The DW_AT_GNU_odr_signature attribute contains a shallower 8-byte signature of the type described in the type unit. This signature includes just the names of surrounding namespaces and classes and the name of the type itself, and is meant to be used for link-time detection of ODR violations. Any two types whose "ODR signatures" match should also have identical type signatures; a difference in the type signature implies that the same type was defined differently in the two locations.
Computing a Type Signature
The method for computing a type signature is described in the DWARF workgroup proposal. Essentially, it is a hash of the name of the type, its surrounding context, a subset of its attributes, and most of its children.

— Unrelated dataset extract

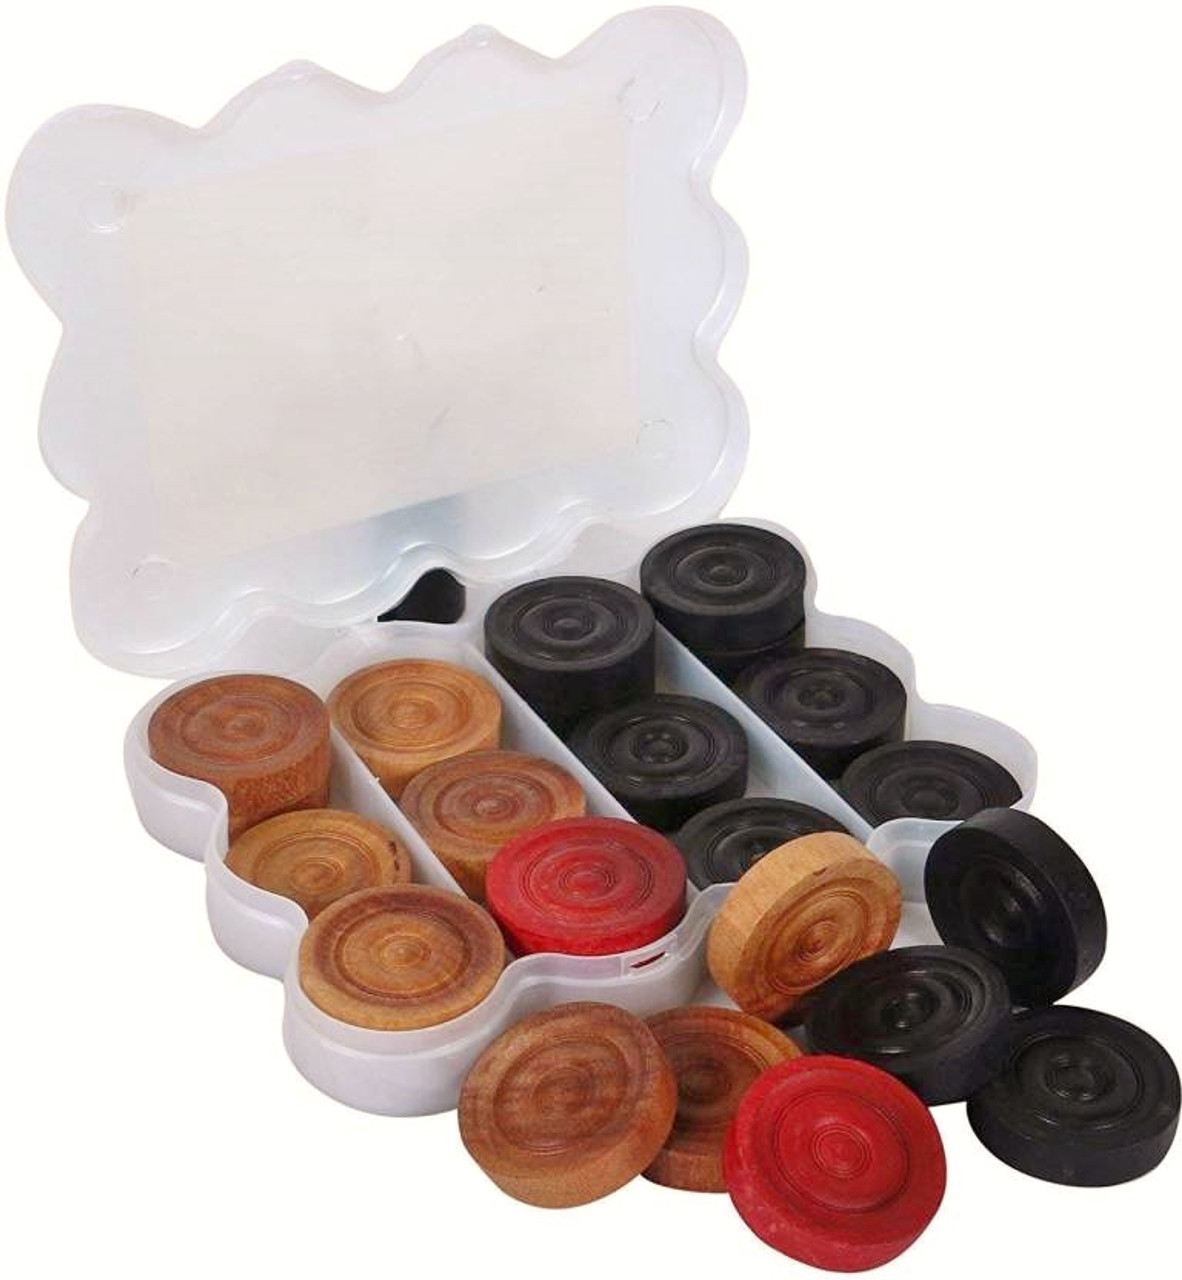 Carrom Championship Coin Set  Regulation Approved PLUS FREE BONUS OFFER

These changes are being proposed as an extension of DWARF-3, to appear in the DWARF-4 specification.
In gcc, the ability to separate type information into .debug_types sections will be conditioned on a compile-time option -gdwarf-4. Most of the source changes to provide this functionality will be in the file dwarf2out.c, and will be of a similar nature to the existing functionality for separating debug info into COMDAT groups based on include files.
In gdb, most of the source changes to support the new section will be in the file dwarf2read.c. It will need to read the .debug_types section and make a quick scan of the section to record the signatures contained therein. When processing an attribute of form DW_FORM_sig4 or DW_FORM_sig8, it should lookup the signature and convert the attribute into an equivalent reference form with a pointer to the DIE as read from the .debug_types section. The referenced DIE will need to be treated as a separate compilation unit that will need to be loaded if it has not already been loaded.